━━━━━ PROVIDED INFORMATION

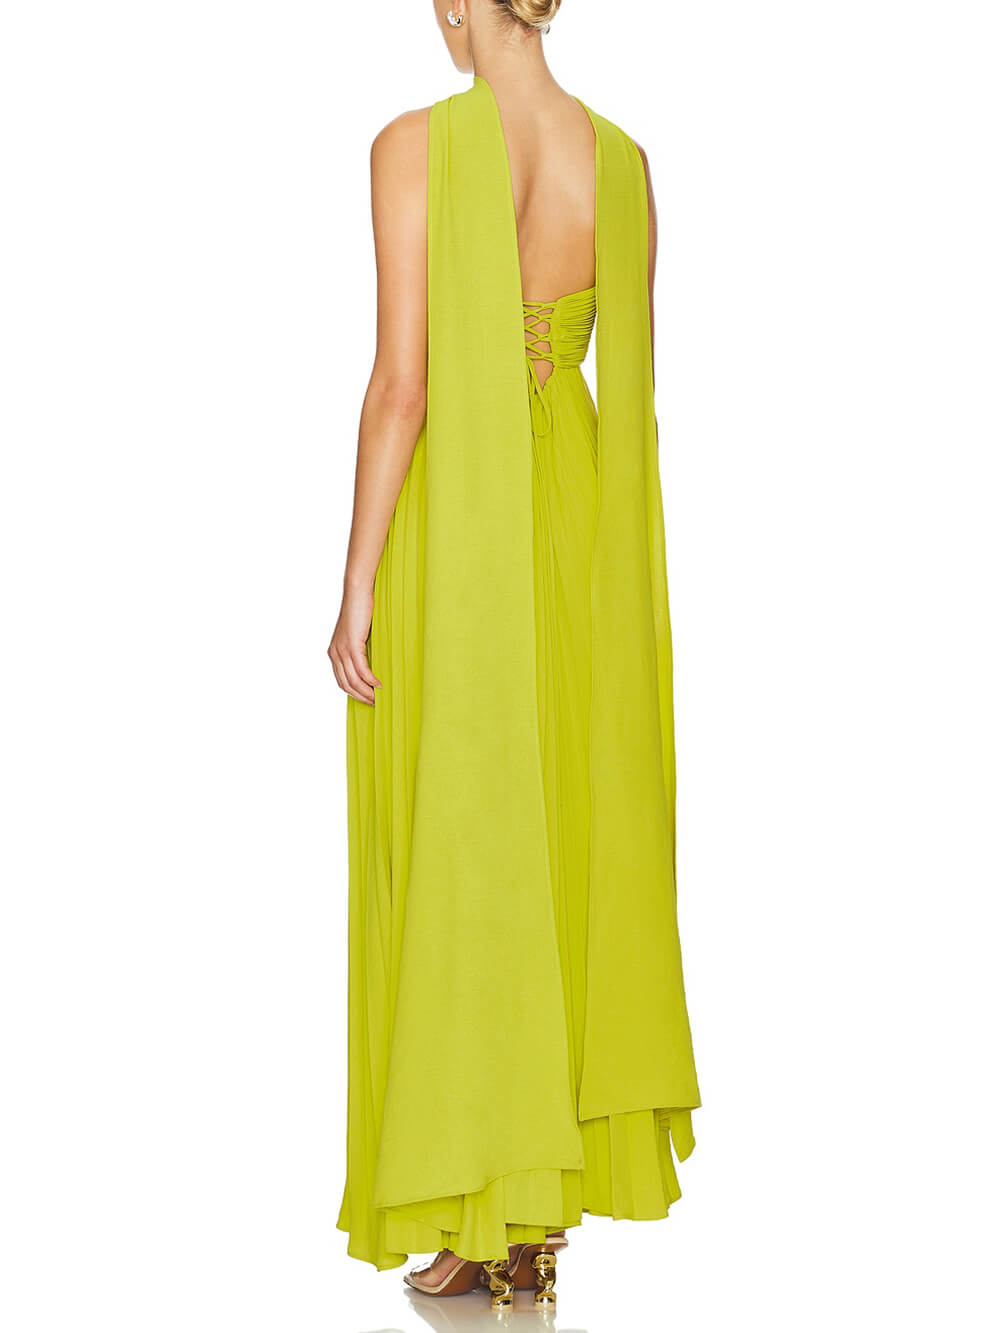 Exquisite Elegant Pleated Off-the-shoulder Party Maxi Dress
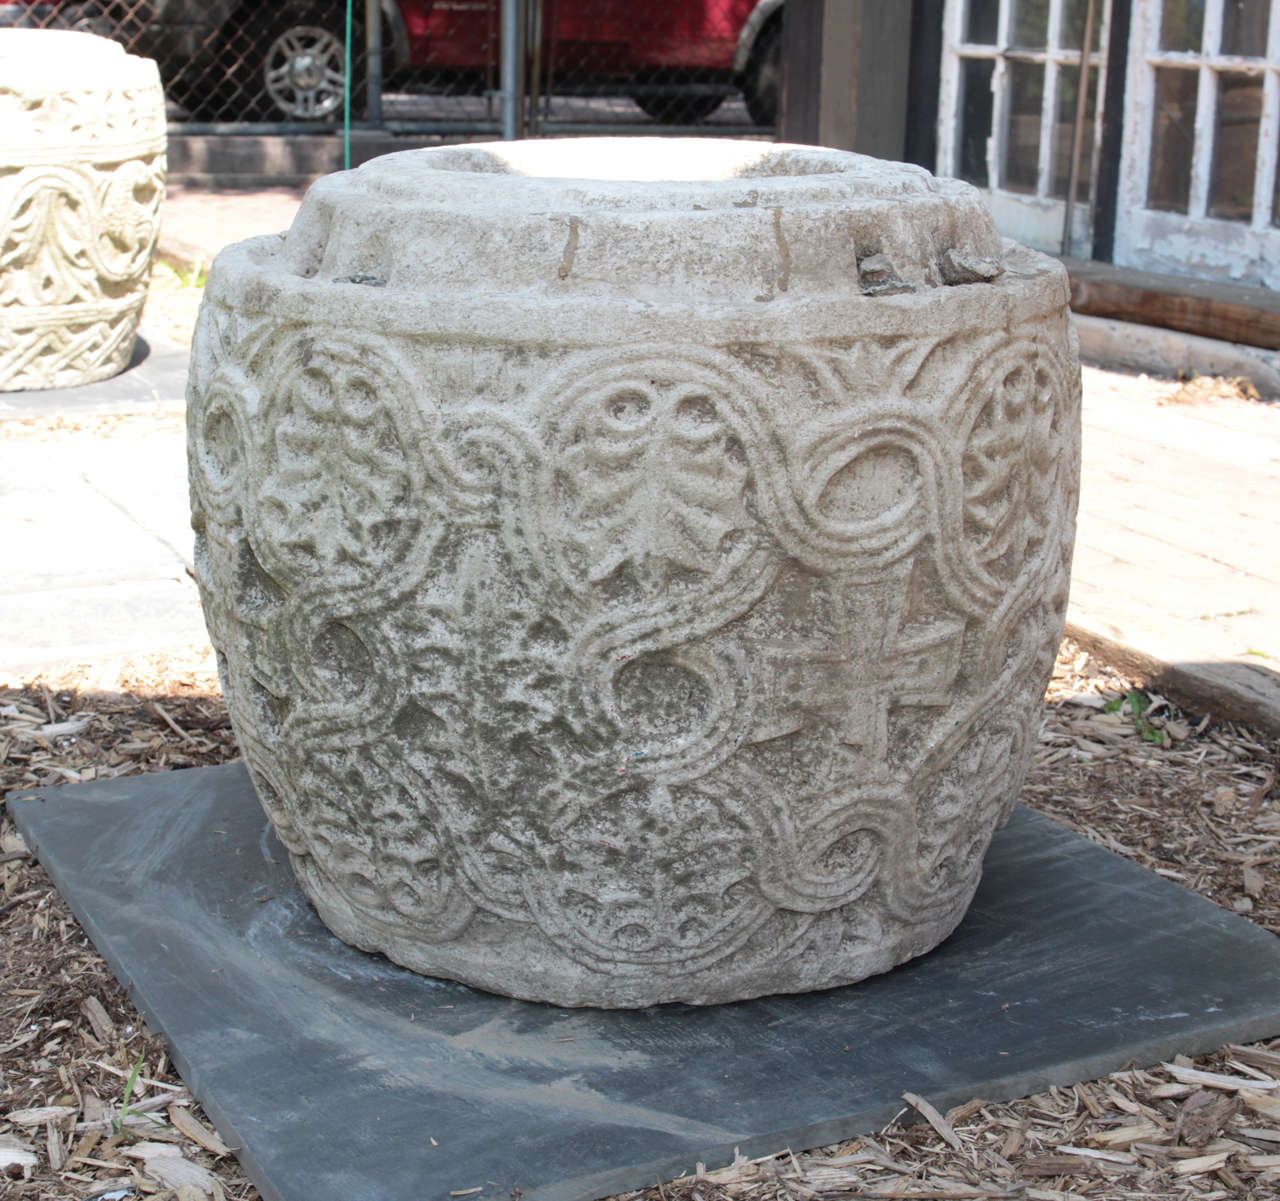 18th century or earlier. Important and rare hand-carved limestone vessel depicting leaves and ancient cross symbols. Most likely originally used to collect water. Fabulous as a planter or garden ornament.
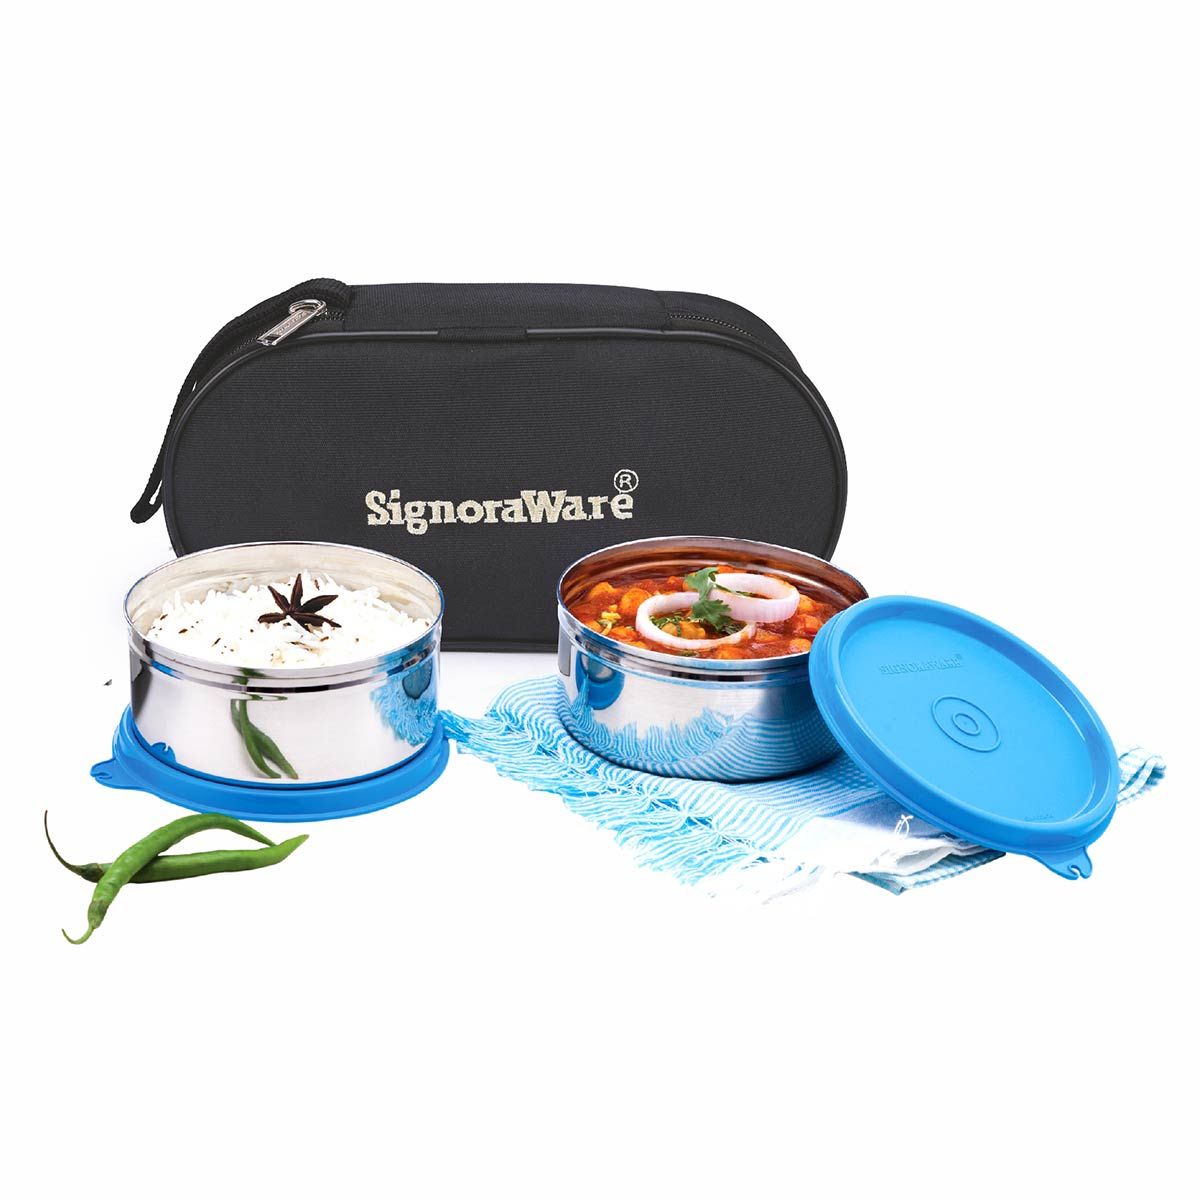 Signoraware Midday Maxx Fresh Steel Stainless Steel Lunch Box with Bag
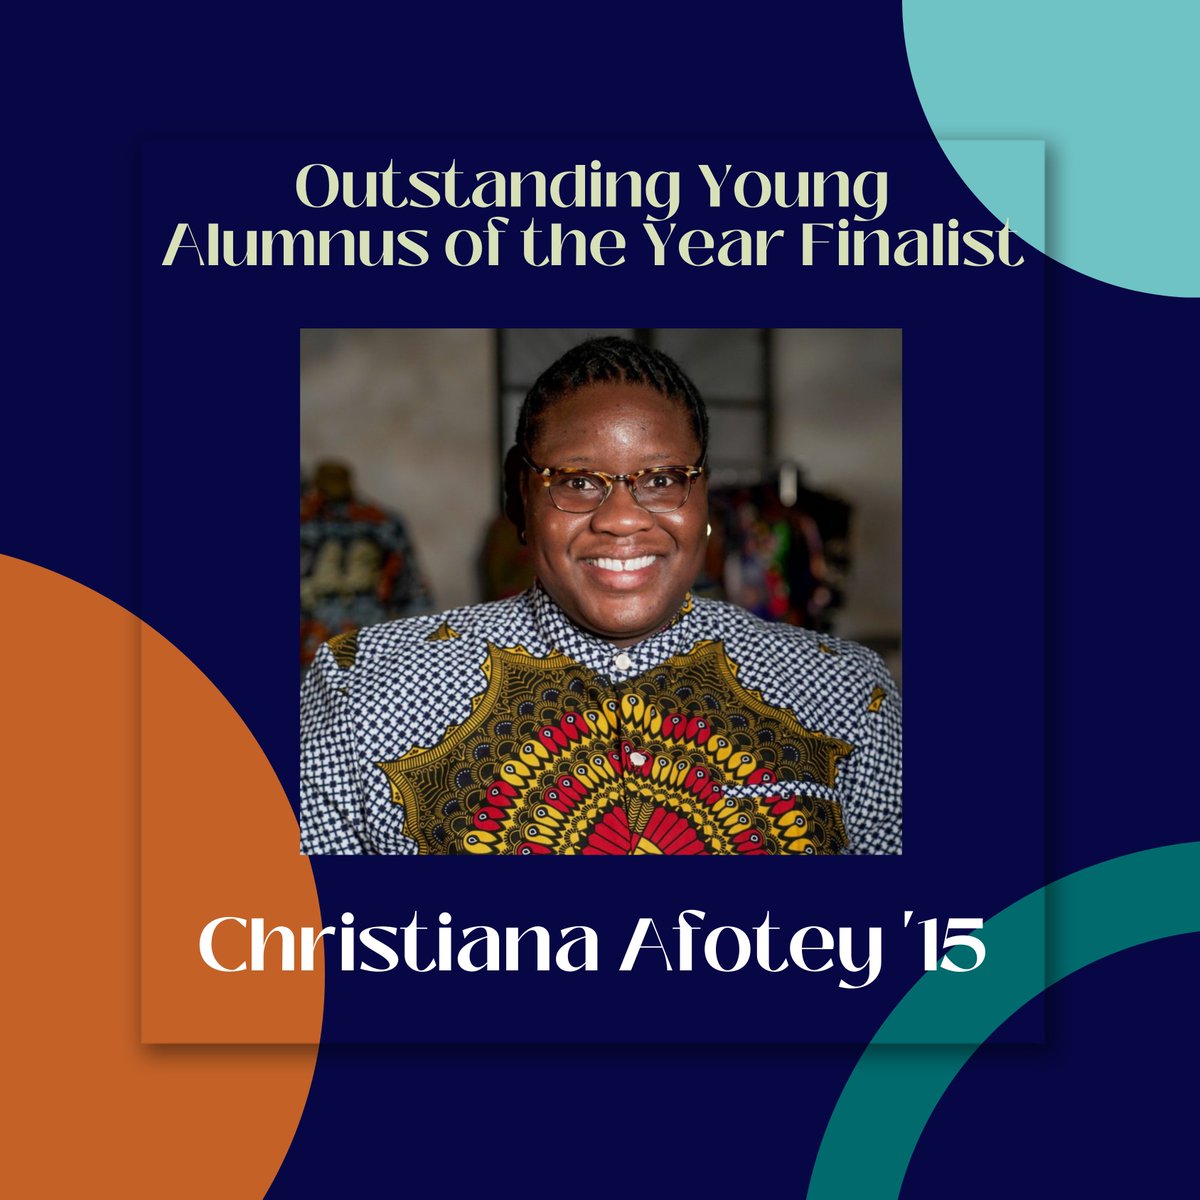 Christiana Afotey graduated in 2015 from Nashville State Community College with an Associate’s in Business Administration. She is the Founder and CEO of Threads by Dreads. Christiana is a visionary sustainable fashion designer.

Find out more on Oct 24th - event.gives/falconawards

━━━━━━━━━━

- EXERCISE AIM
Repeat every entry above precisely, leaving each picture out.

- THE ANSWER
 Exquisite Elegant Pleated Off-the-shoulder Party Maxi Dress
 18th century or earlier. Important and rare hand-carved limestone vessel depicting leaves and ancient cross symbols. Most likely originally used to collect water. Fabulous as a planter or garden ornament.
 Signoraware Midday Maxx Fresh Steel Stainless Steel Lunch Box with Bag
 Christiana Afotey graduated in 2015 from Nashville State Community College with an Associate’s in Business Administration. She is the Founder and CEO of Threads by Dreads. Christiana is a visionary sustainable fashion designer.

Find out more on Oct 24th - event.gives/falconawards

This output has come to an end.